New accident tolerant fuels are in development to improve the safety and lifetime of boiling water-type nuclear fission reactors, whereby a Cr-alloy coating may be applied to the conventional Zr-alloy cladding on the nuclear fuel. However, an undesirable brittle intermetallic layer of ZrCr2 may form between the Cr-and Zr-alloys, damaging the integrity of the fuel system. Furthermore, diffusion of chromium, zirconium and other alloying elements will occur in each of the metallic layers, affecting the alloy properties. In designing a suitable alloy system, it is desirable to limit the formation of the intermetallic layer, as well as matching the structural and thermal properties of each alloy across the interface.

In order to rapidly propose preliminary alloy compositions and explore the properties of the candidate fuel systems, first-principles calculations were used to examine each of the layers separately, and the system as a whole. The effects of doping chromium, zirconium and ZrCr2 with light elements, all 3d, selected 4d transition metals, and some other elements of interest, was explored. The stability and structural properties of the fuel coating layers were investigated under various doping conditions, and the local electronic environment and chemical bonding was examined close to various dopant species to determine trends affecting the stability of the ZrCr2 phase.
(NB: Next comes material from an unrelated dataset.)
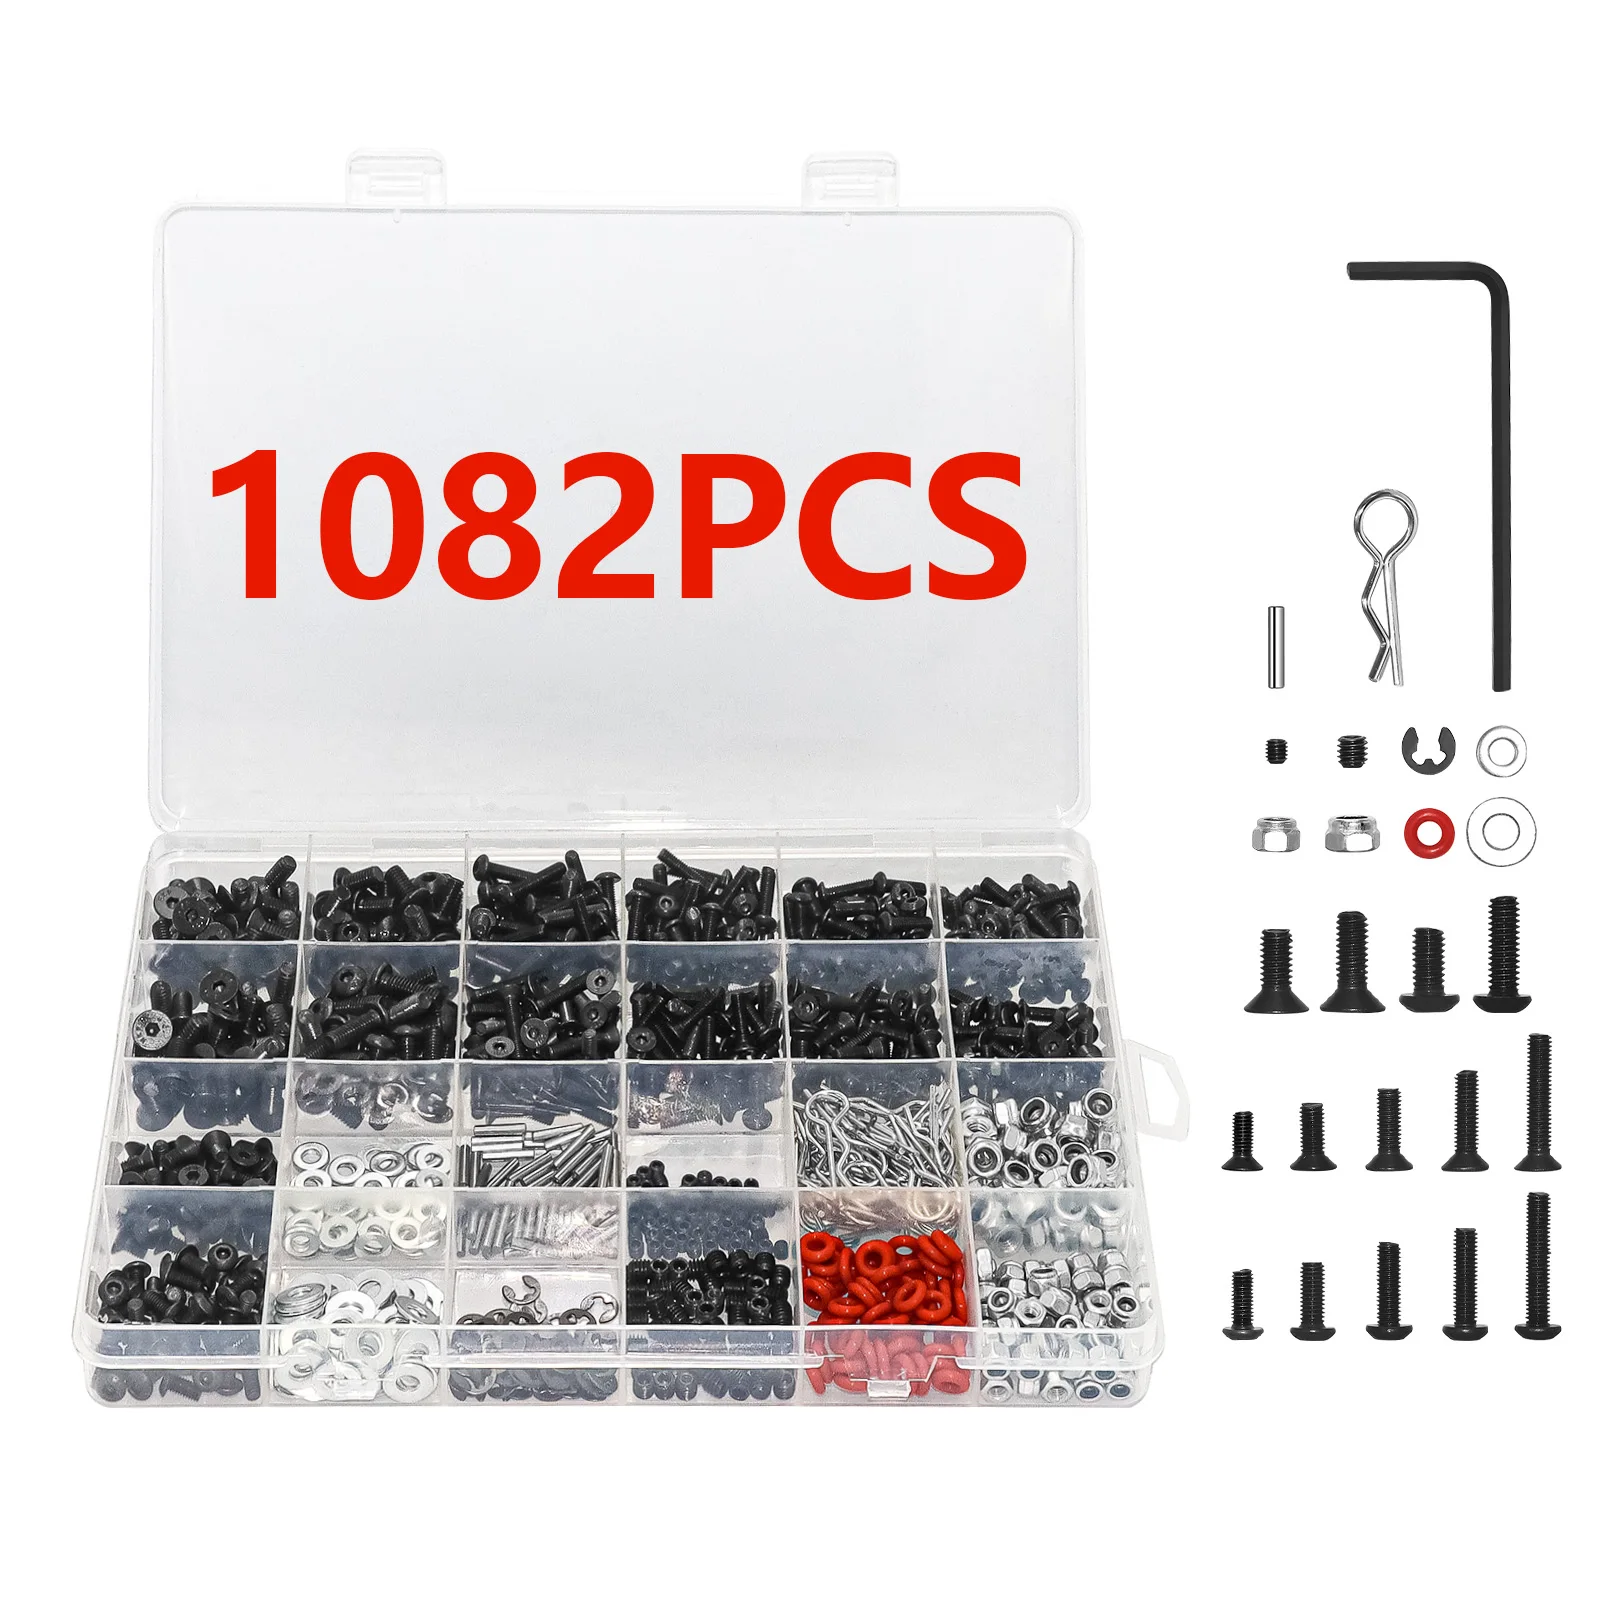 1082pcs Universal RC Screw Kit with Storage Box Screws Assortment Set, Repair Tool Hardware Fasteners for 1/8 1/10 1/12 1/16 car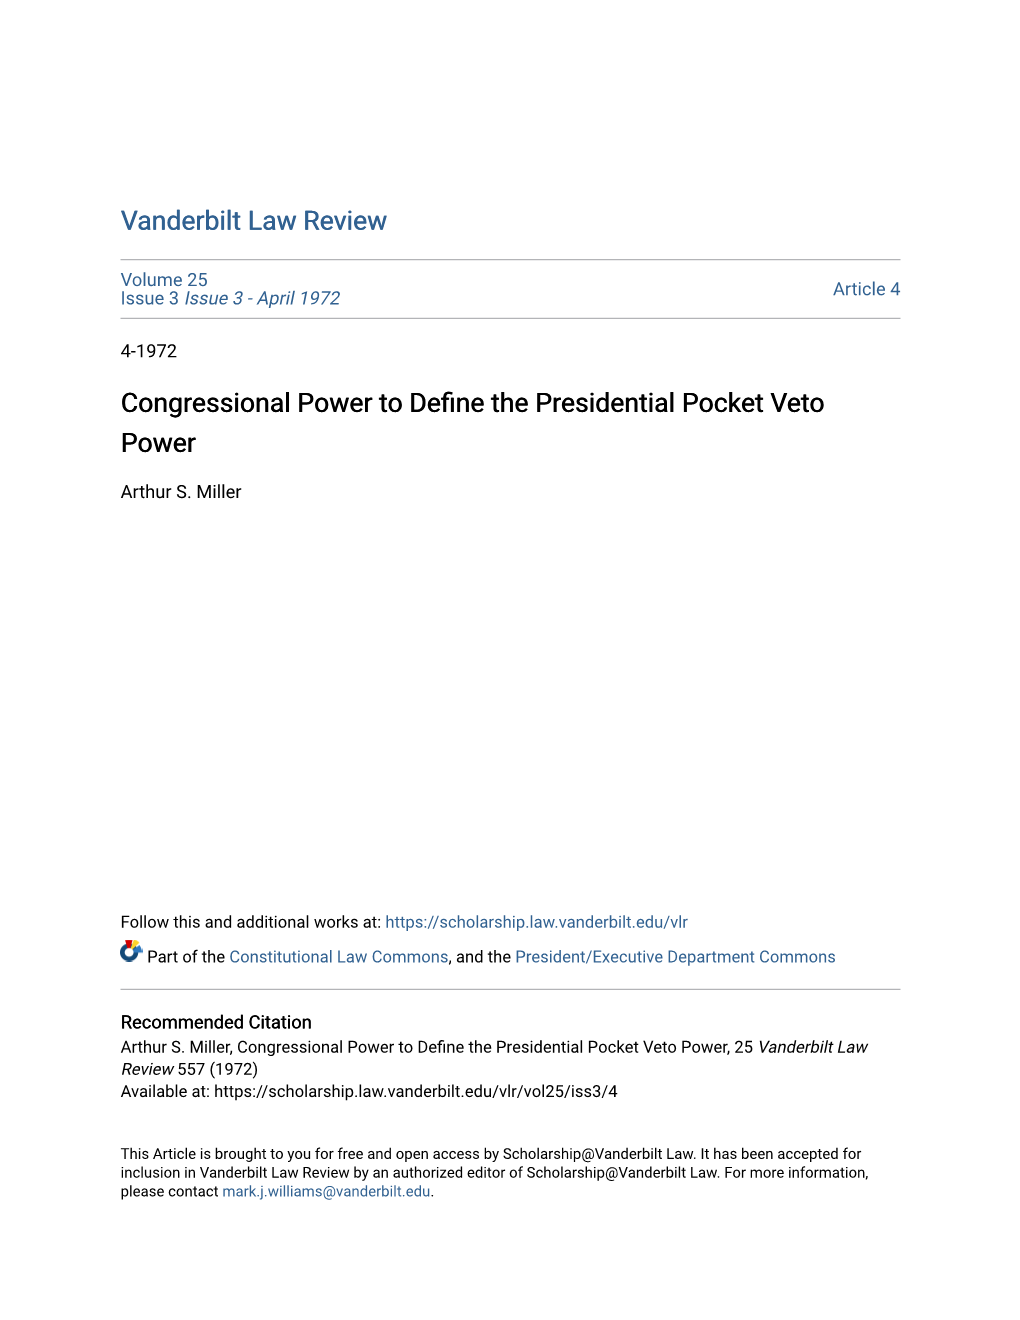 Congressional Power to Define the Presidential Pocket Veto Power

This data was used to build a Cr-Zr-X thermodynamic database to be used for preliminary design of this layered nuclear fuel. The thermodynamics of the whole system was considered to predict atomic migration and intermetallic phase formation. Based on this data, candidate alloying elements for the Cr- or Zr-alloys are proposed that may limit intermetallic phase formation, eliminate significant volume changes that may cause microcracking, or that may improve the properties of the cladding system as a whole.